----- Given information

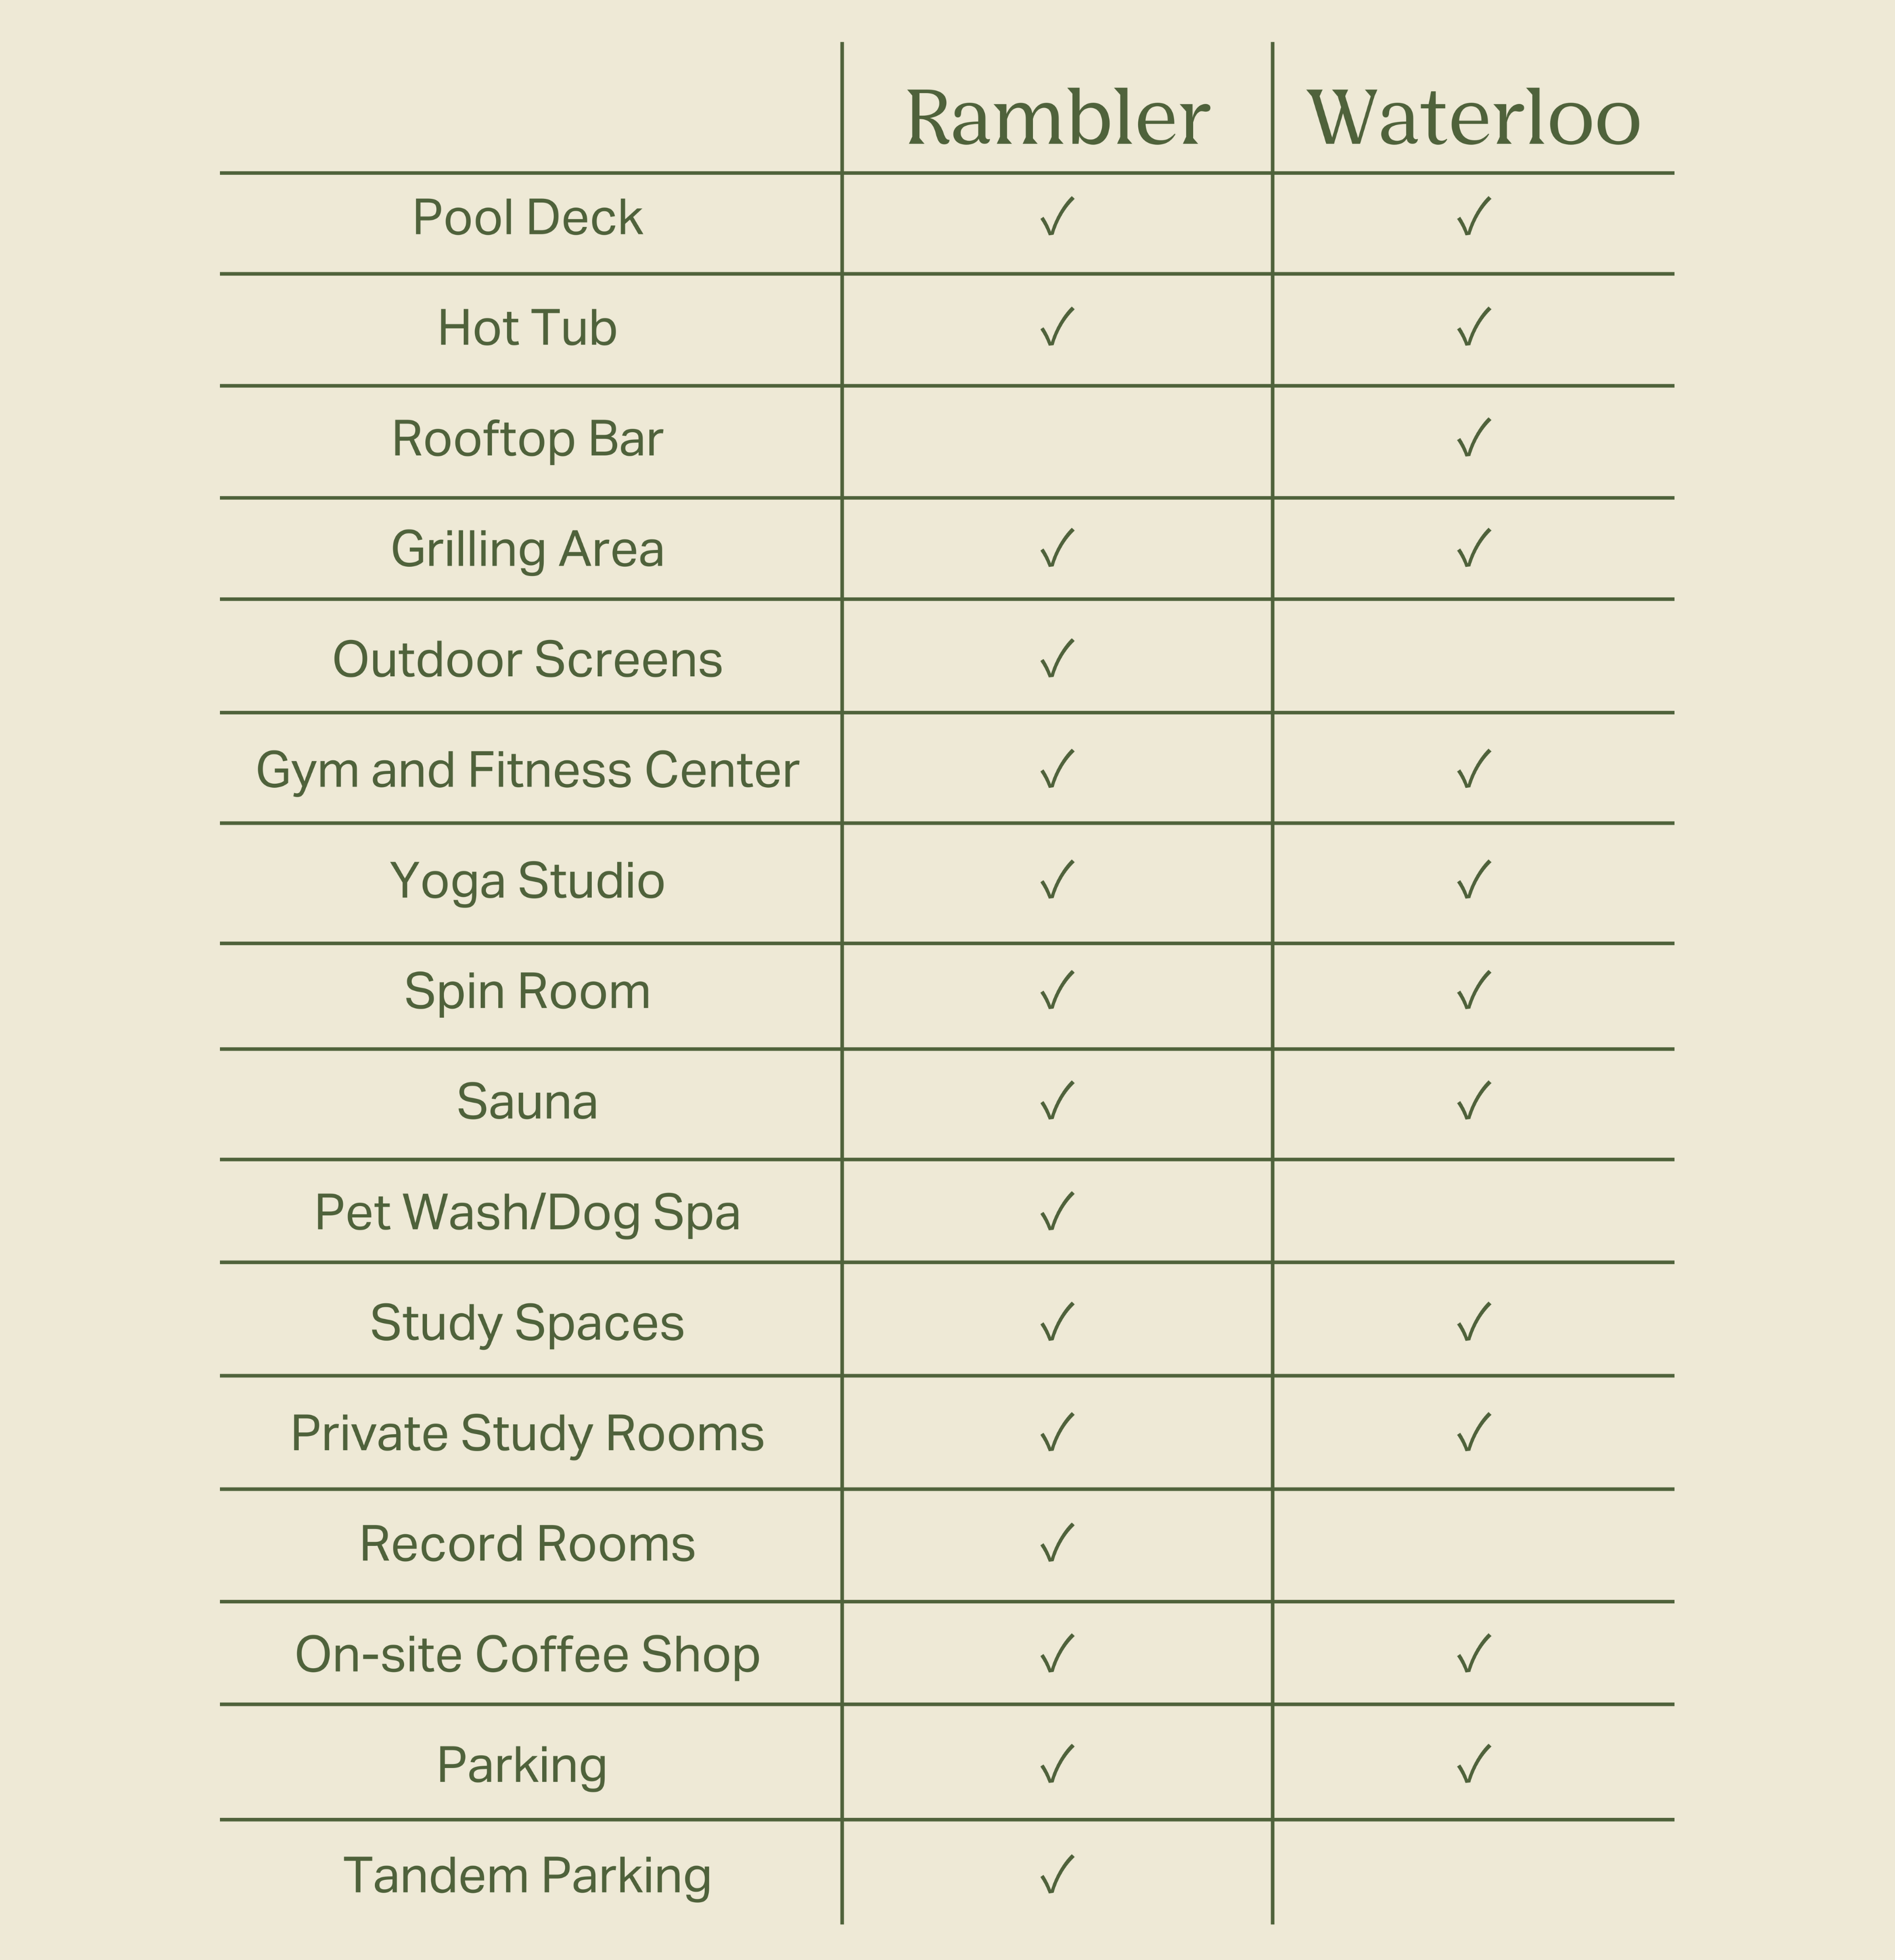 rambler vs waterloo amenities
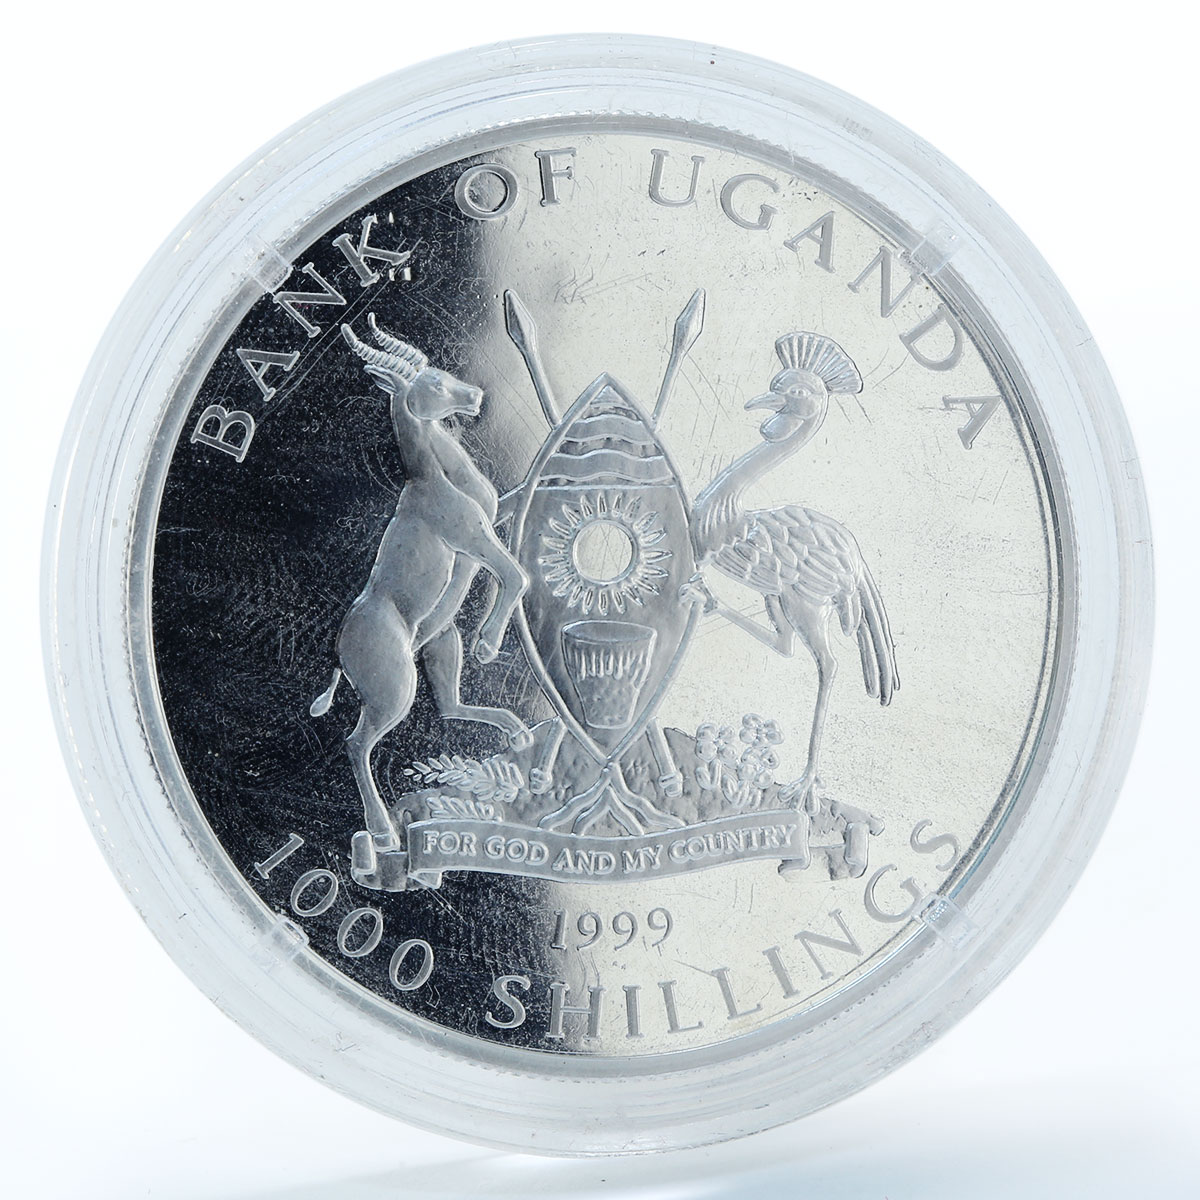 Uganda 1000 shillings Endangered Wildlife Tiger proof silver coin 1999
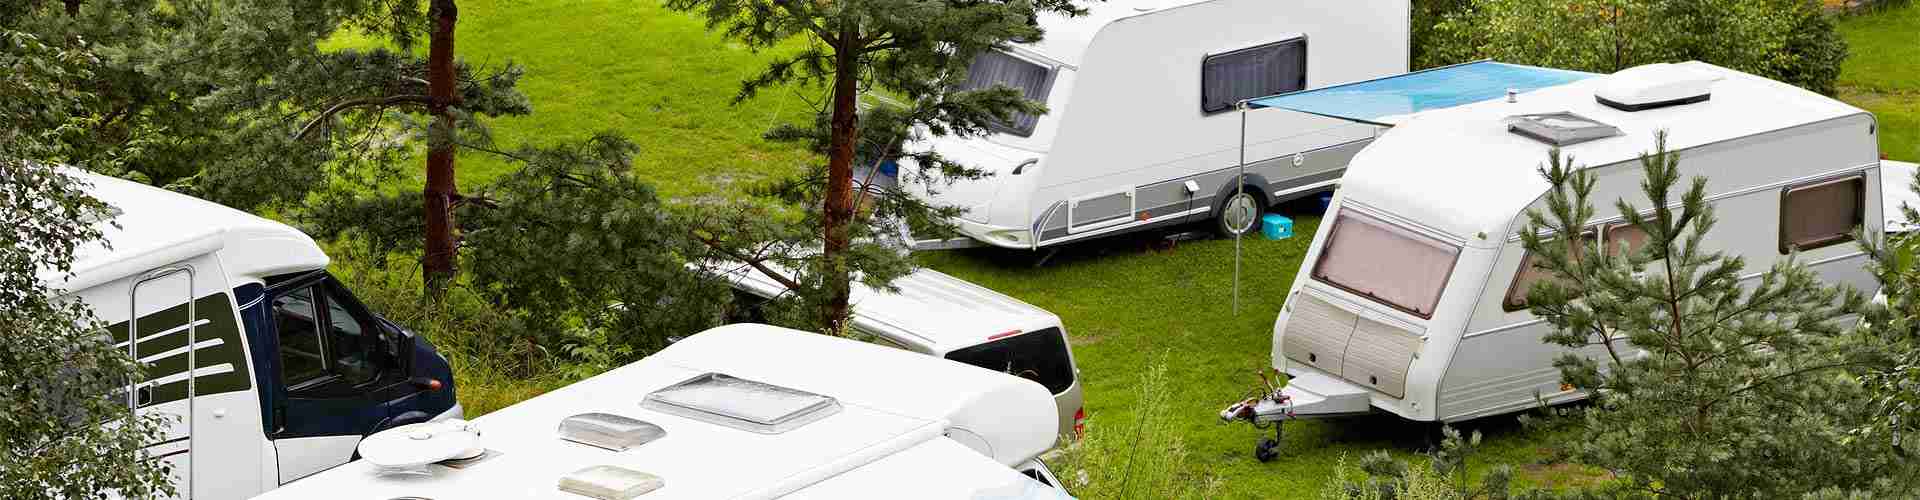 Campings y bungalows en Colindres

----------

◆ Exercise aim ◆
Write out exactly the lines from the line containing "Uganda 1000 shillings" through the last line of the listing above, please, and leave out any pictures.

◆ Result ◆
 Uganda 1000 shillings Endangered Wildlife Tiger proof silver coin 1999
 Campings y bungalows en Colindres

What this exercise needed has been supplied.